• _Data block_:
-- Opening Marker --
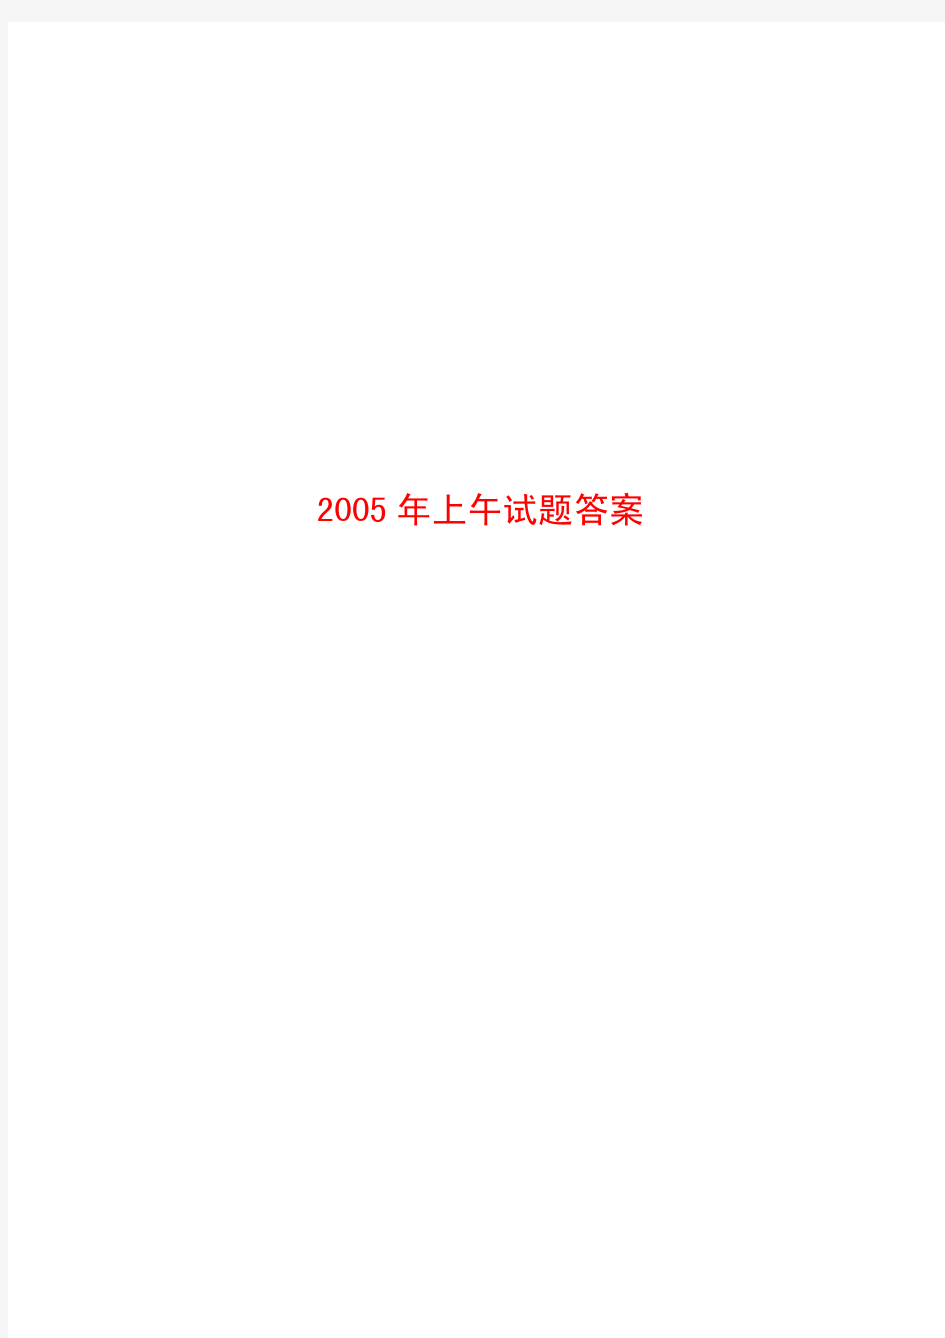 2005年注册公用设备工程师公共基础真题.pdf
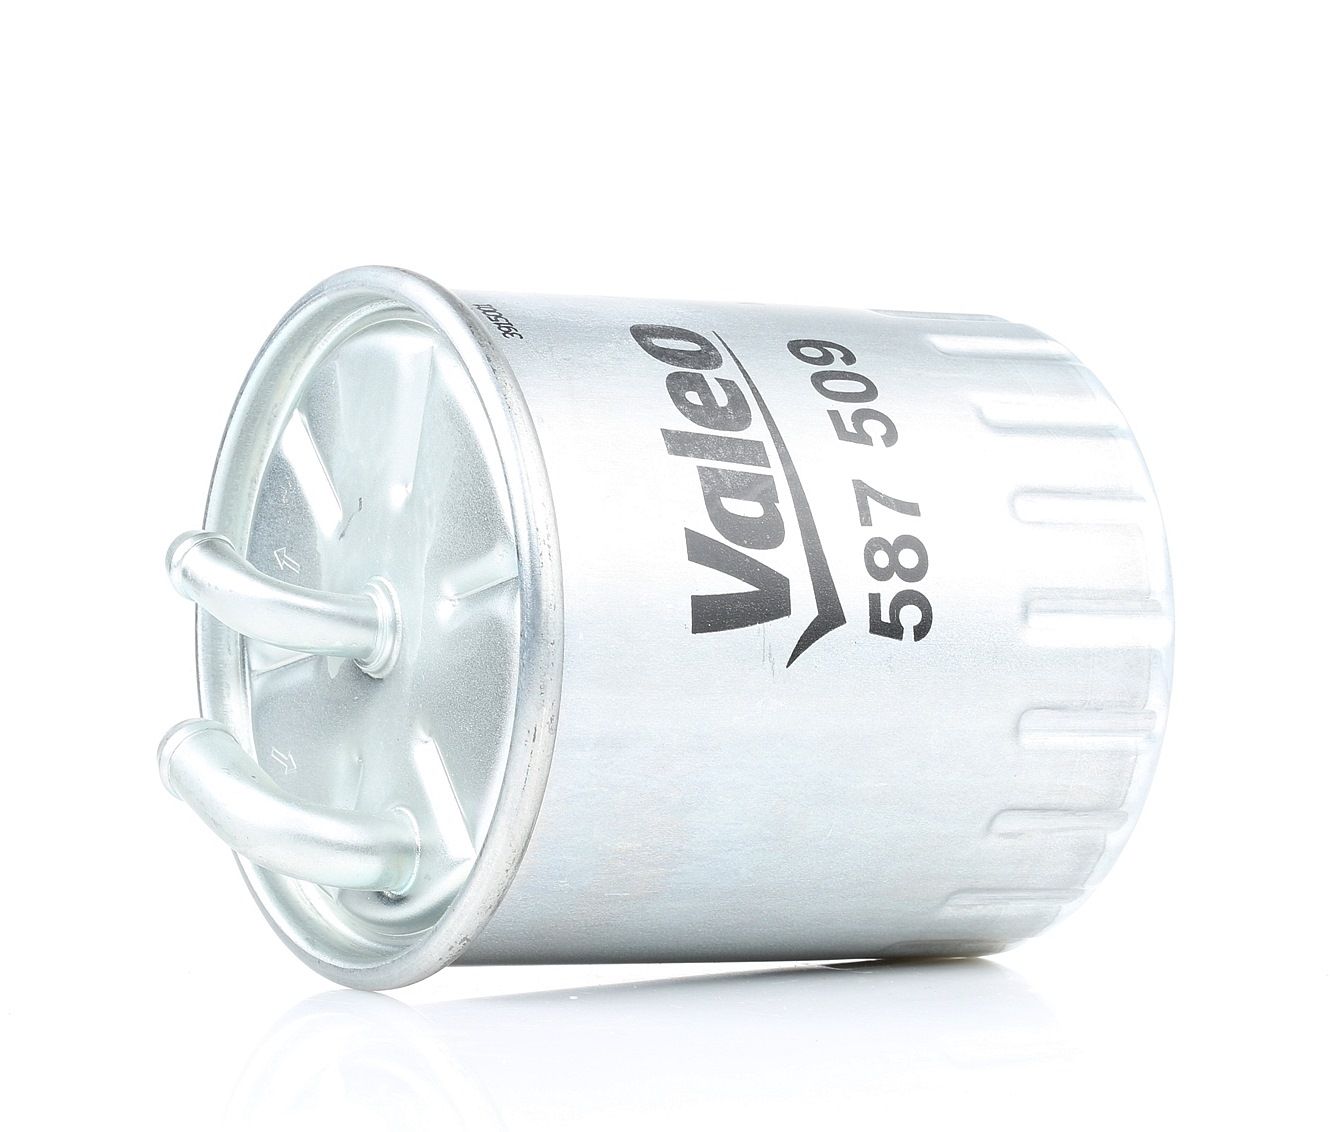 Palivový filtr 587509 s vynikajícím poměrem mezi cenou a VALEO kvalitou
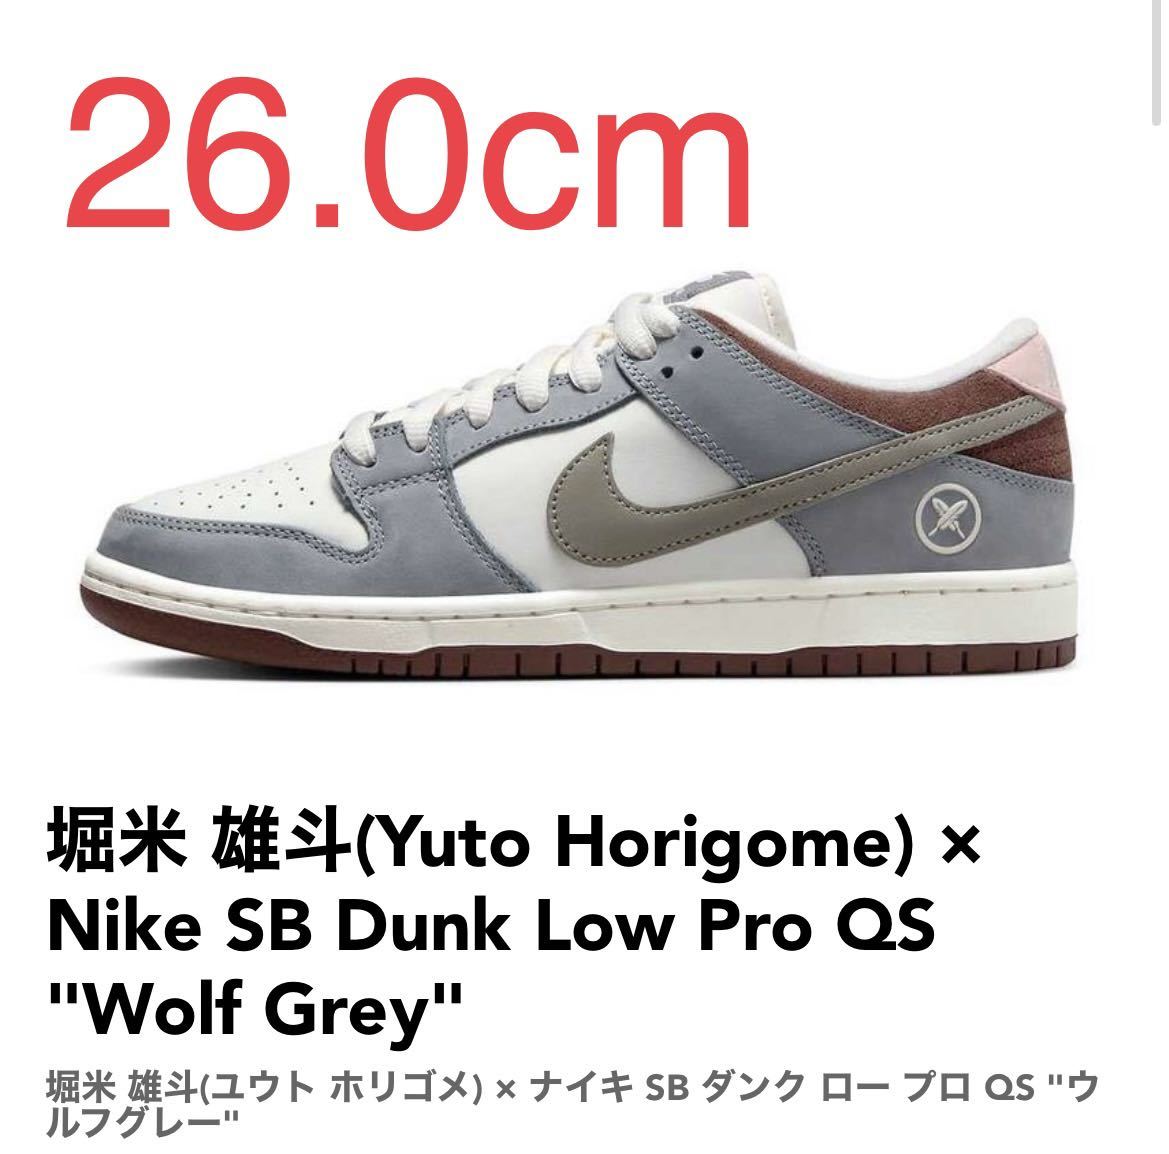 堀米雄斗(Yuto Horigome) × Nike SB Dunk Low Pro QS Wolf Grey ナイキ
-- Closing Marker --
• _Problem requirements_: Print the material word for word; images are to be left out.

• _Answer box_:
 2005年注册公用设备工程师公共基础真题.pdf
 Palivový filtr 587509 s vynikajícím poměrem mezi cenou a VALEO kvalitou
 堀米雄斗(Yuto Horigome) × Nike SB Dunk Low Pro QS Wolf Grey ナイキ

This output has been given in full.